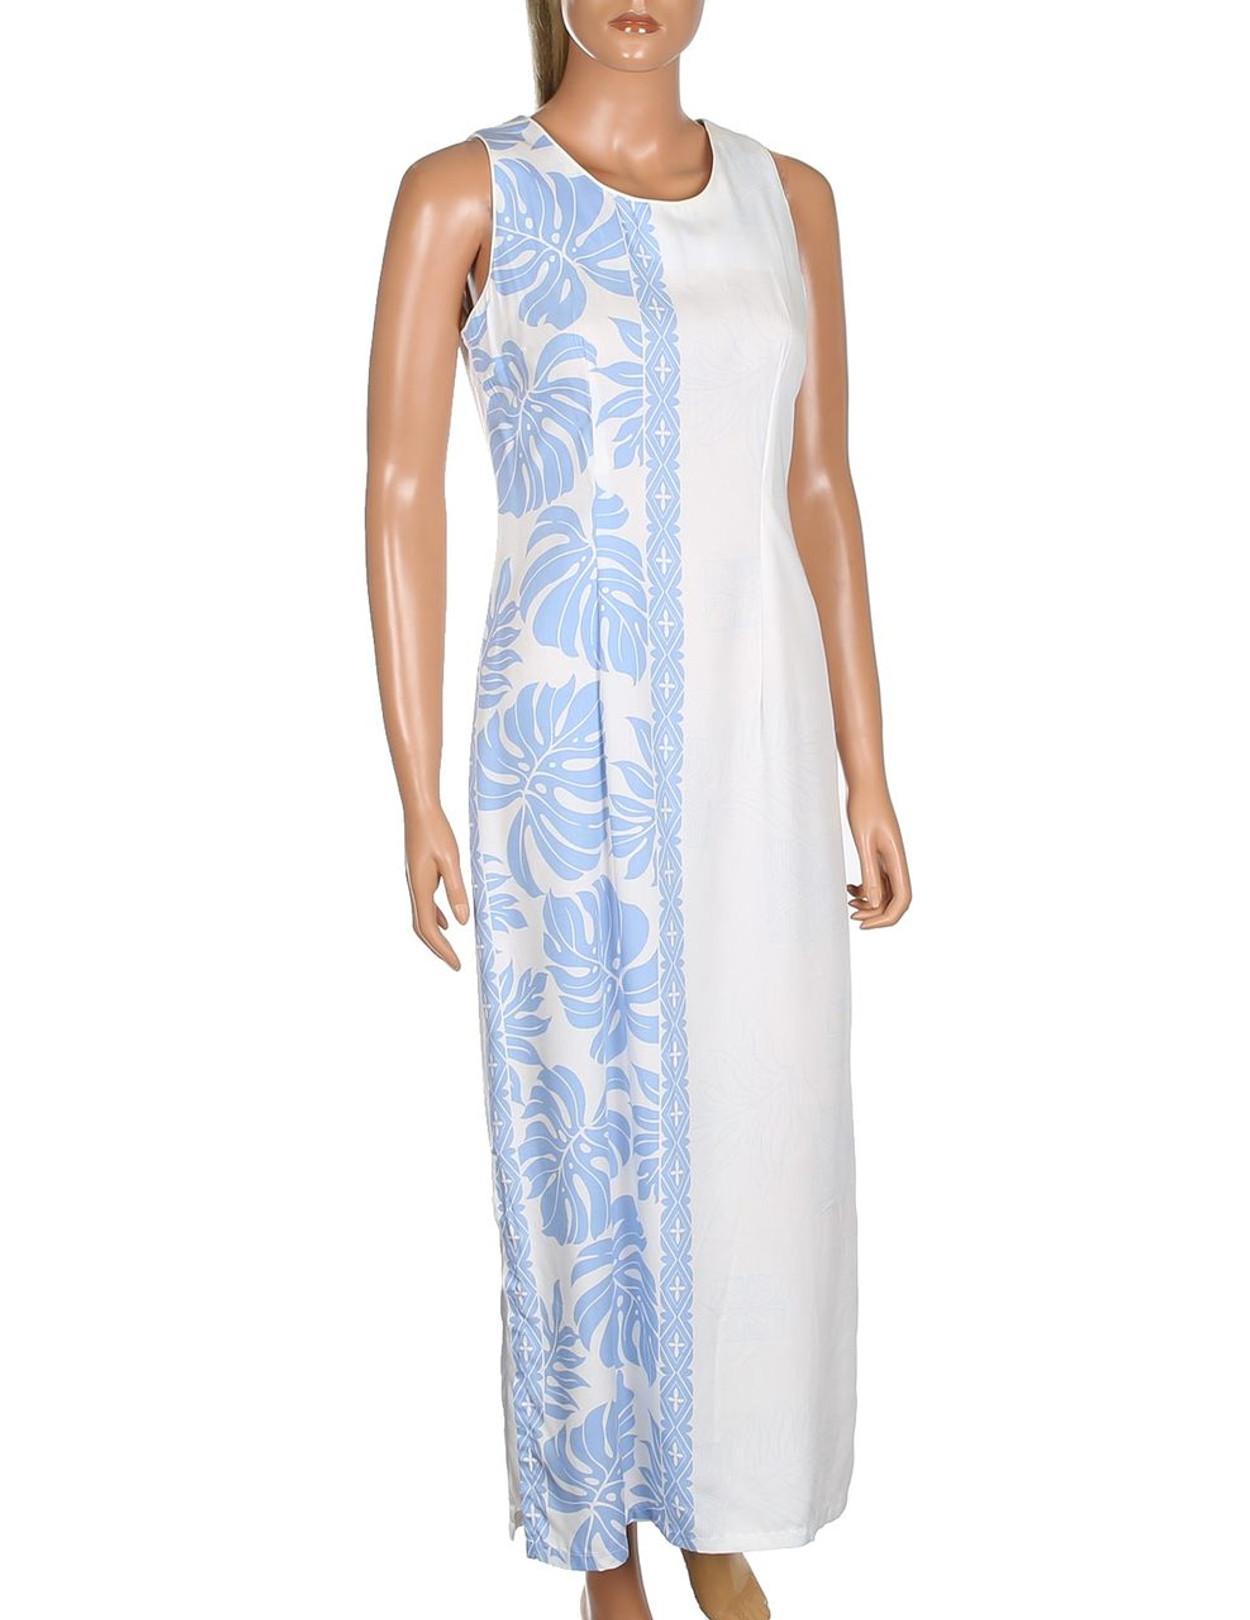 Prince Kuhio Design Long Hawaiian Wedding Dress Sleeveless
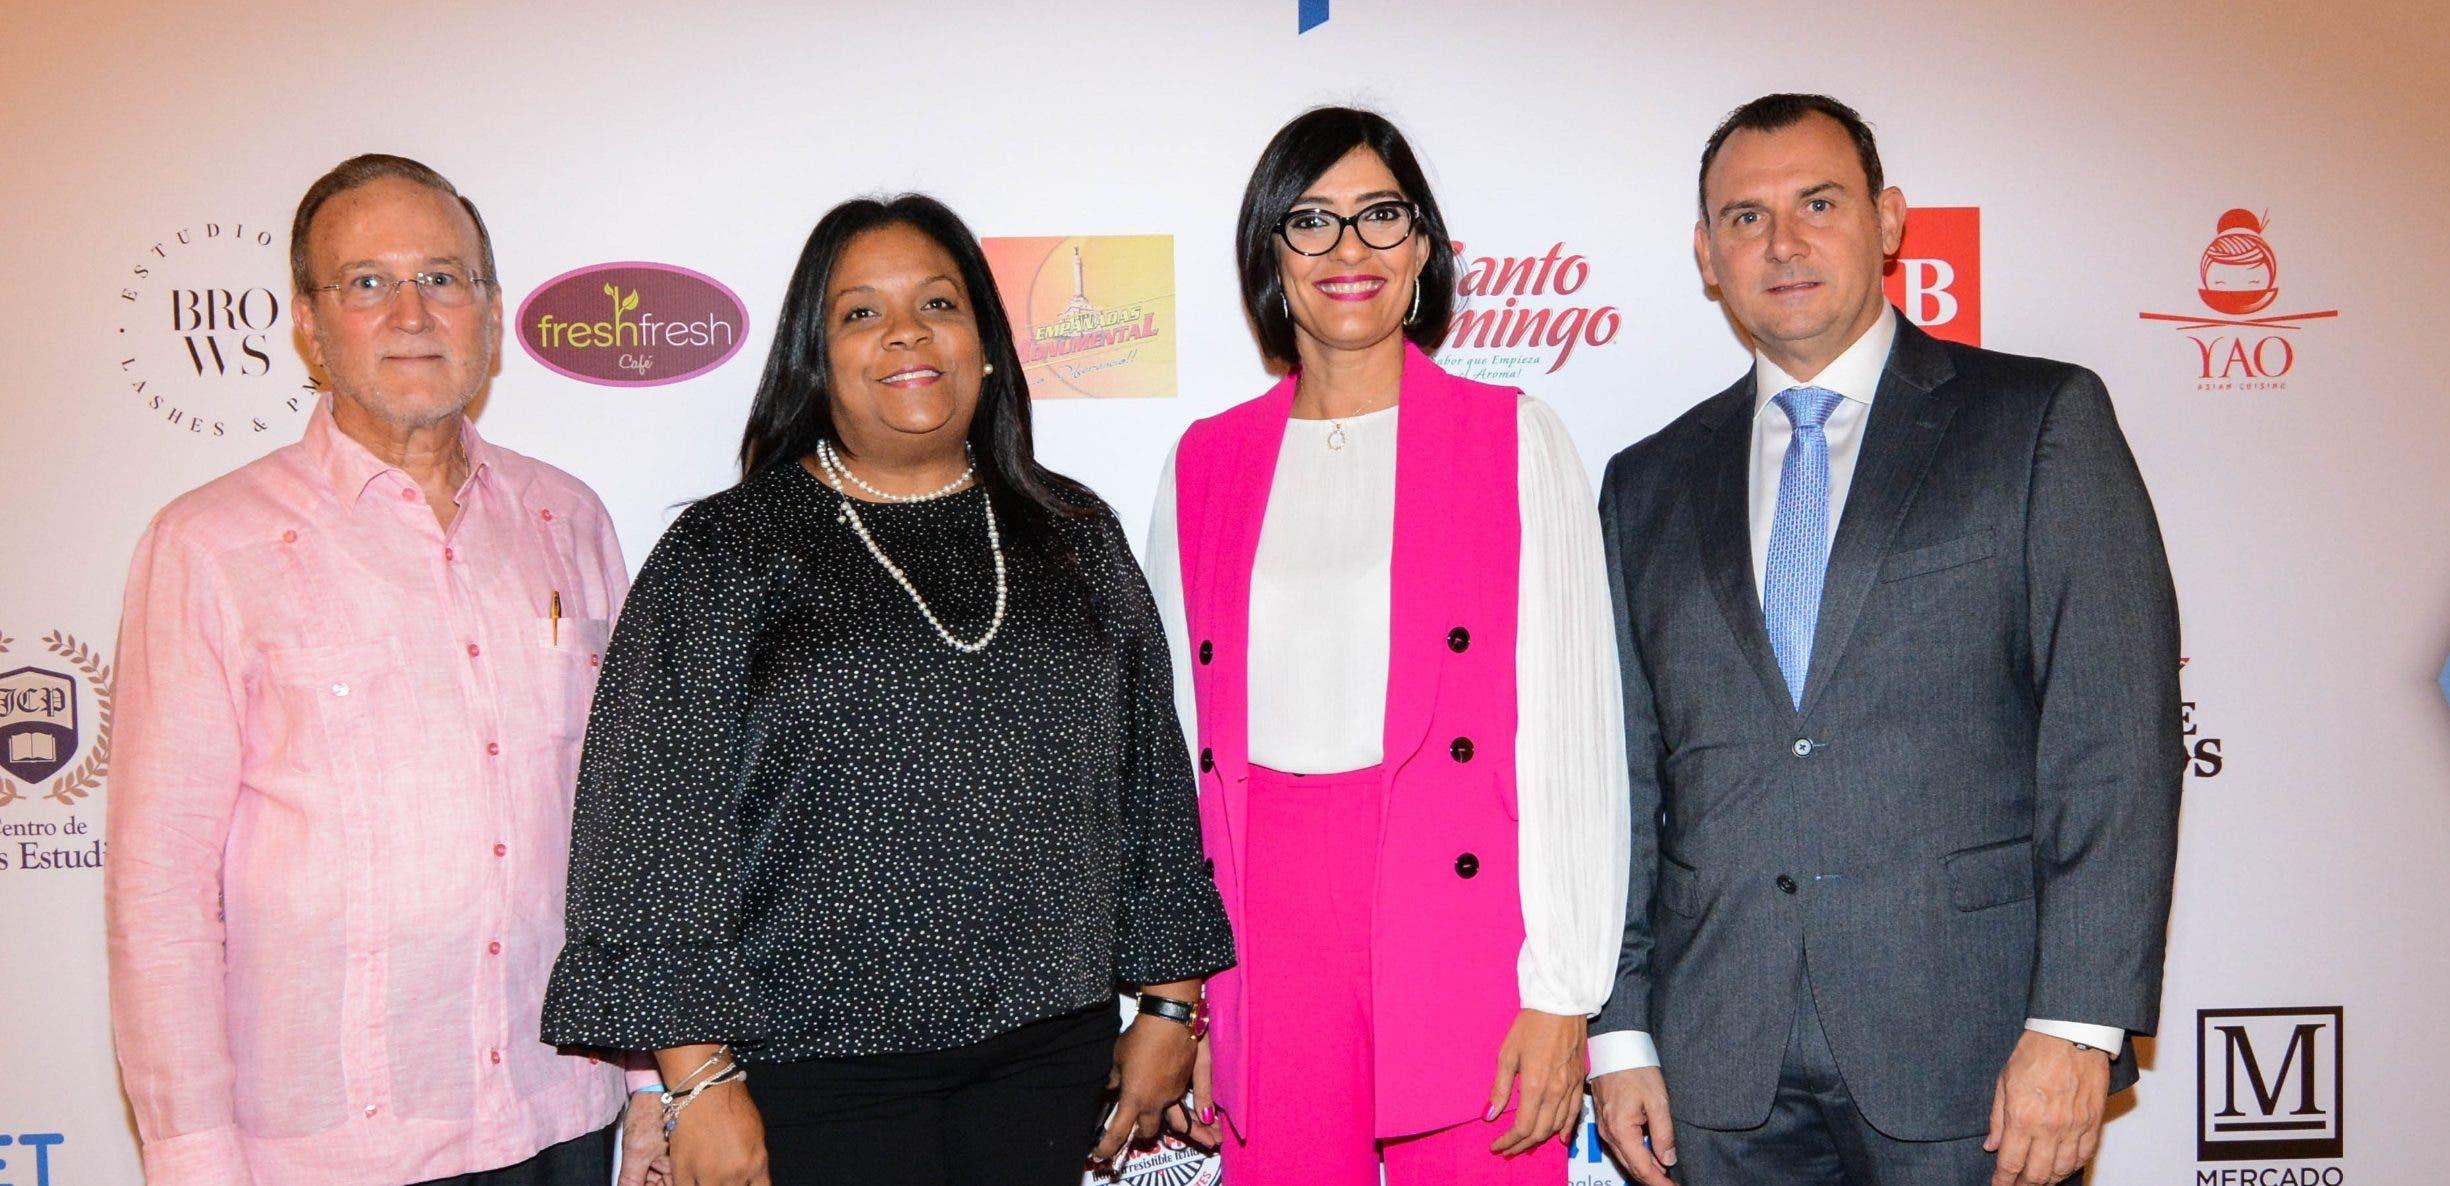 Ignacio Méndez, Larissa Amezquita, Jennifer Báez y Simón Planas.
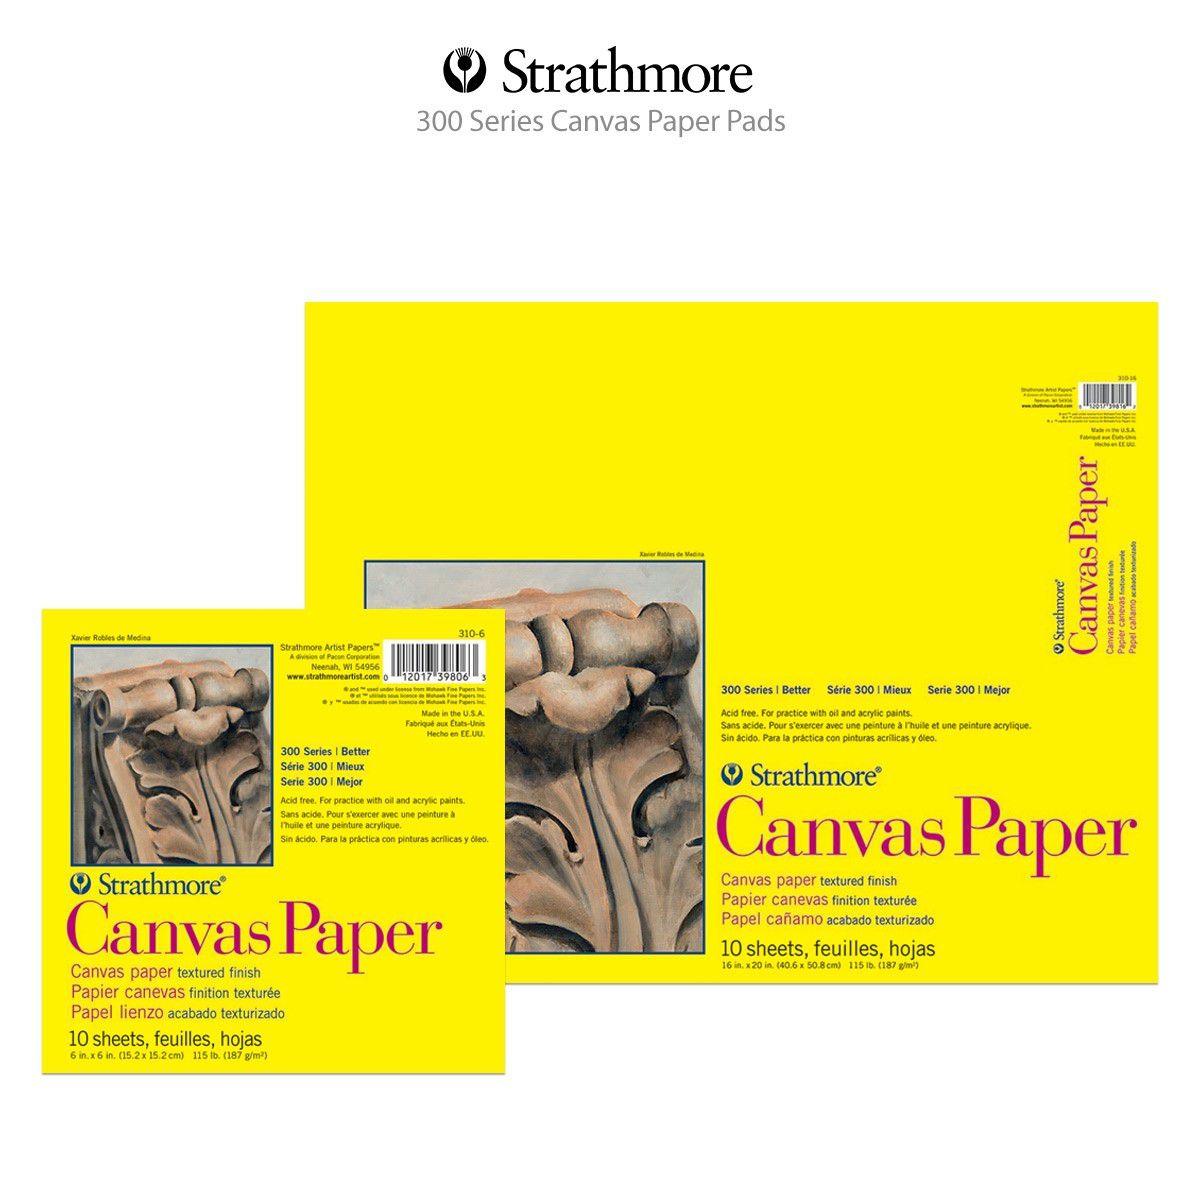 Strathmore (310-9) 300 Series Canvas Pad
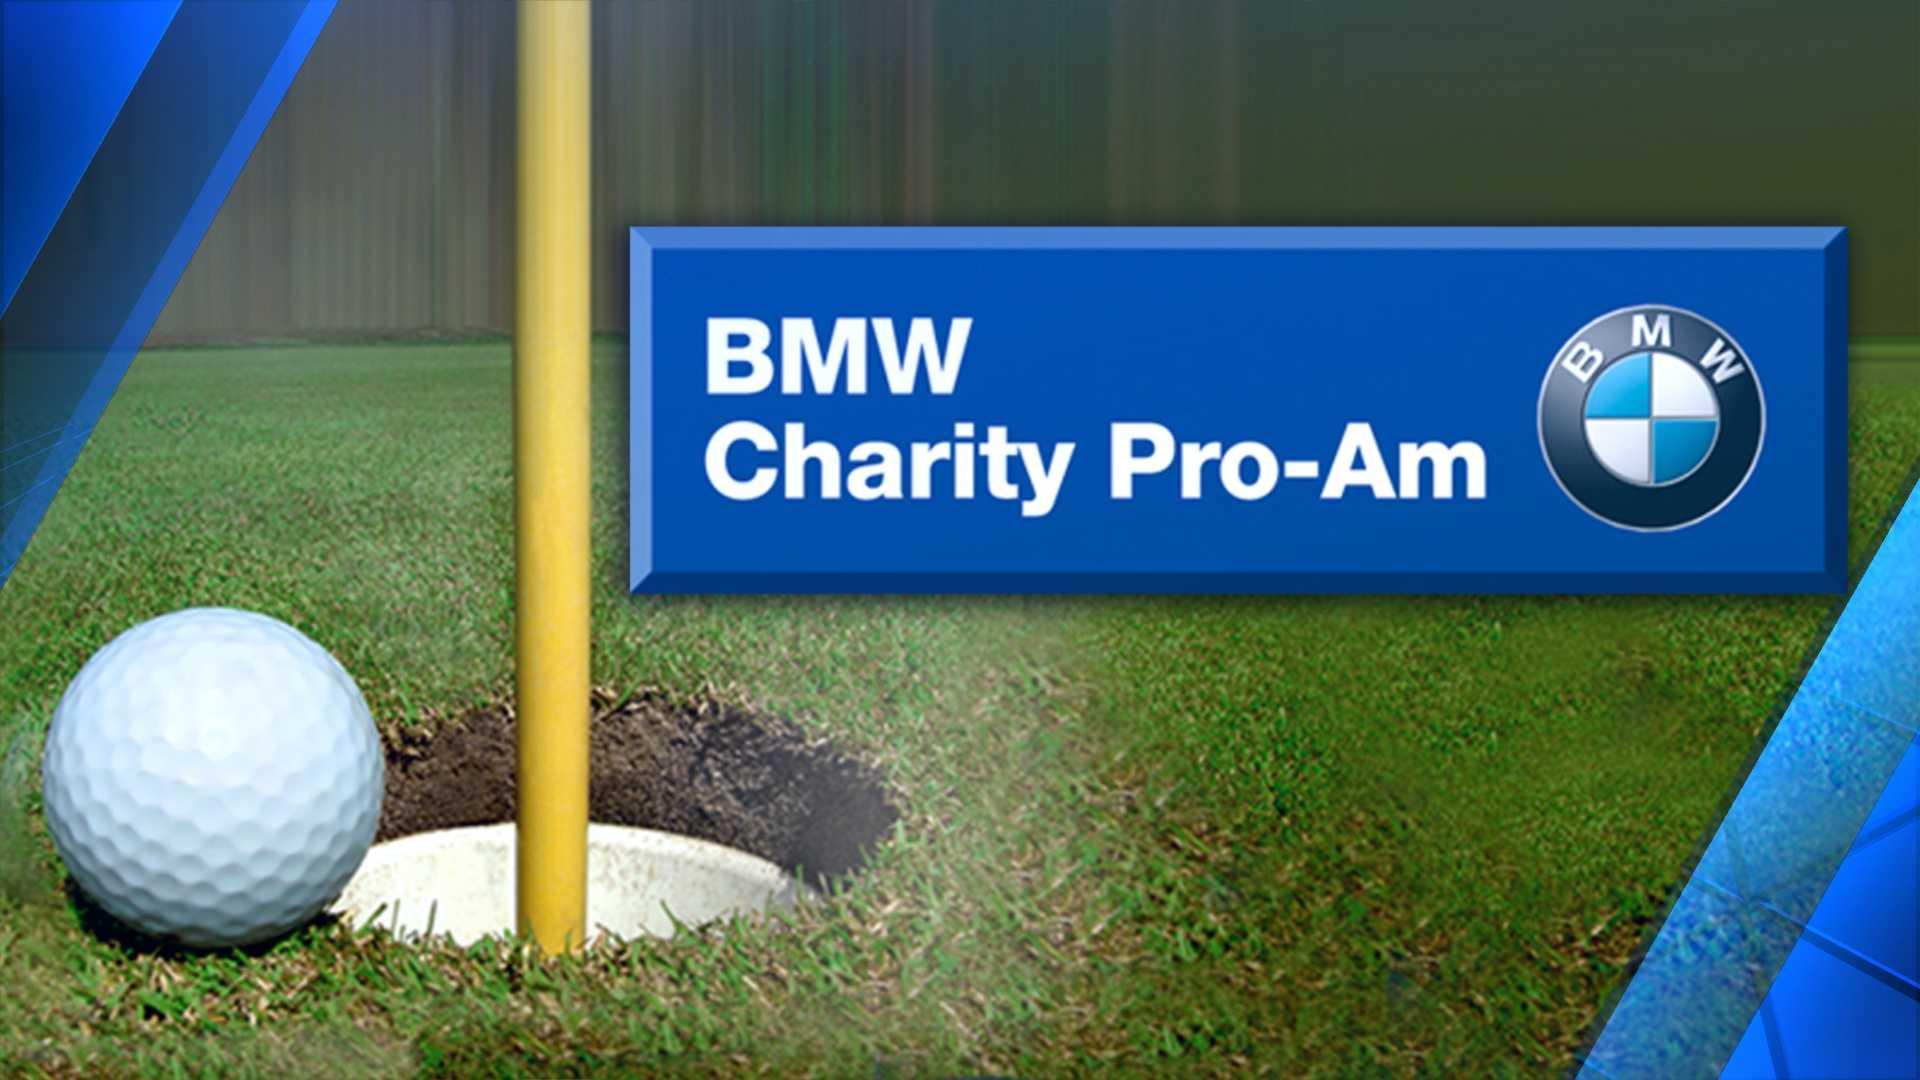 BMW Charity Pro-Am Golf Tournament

§ **Task details**
The job is to set down the whole listing exactly, excluding any images.

§ **Task solution**
 Prince Kuhio Design Long Hawaiian Wedding Dress Sleeveless
 Ignacio Méndez, Larissa Amezquita, Jennifer Báez y Simón Planas.
 Strathmore (310-9) 300 Series Canvas Pad
 BMW Charity Pro-Am Golf Tournament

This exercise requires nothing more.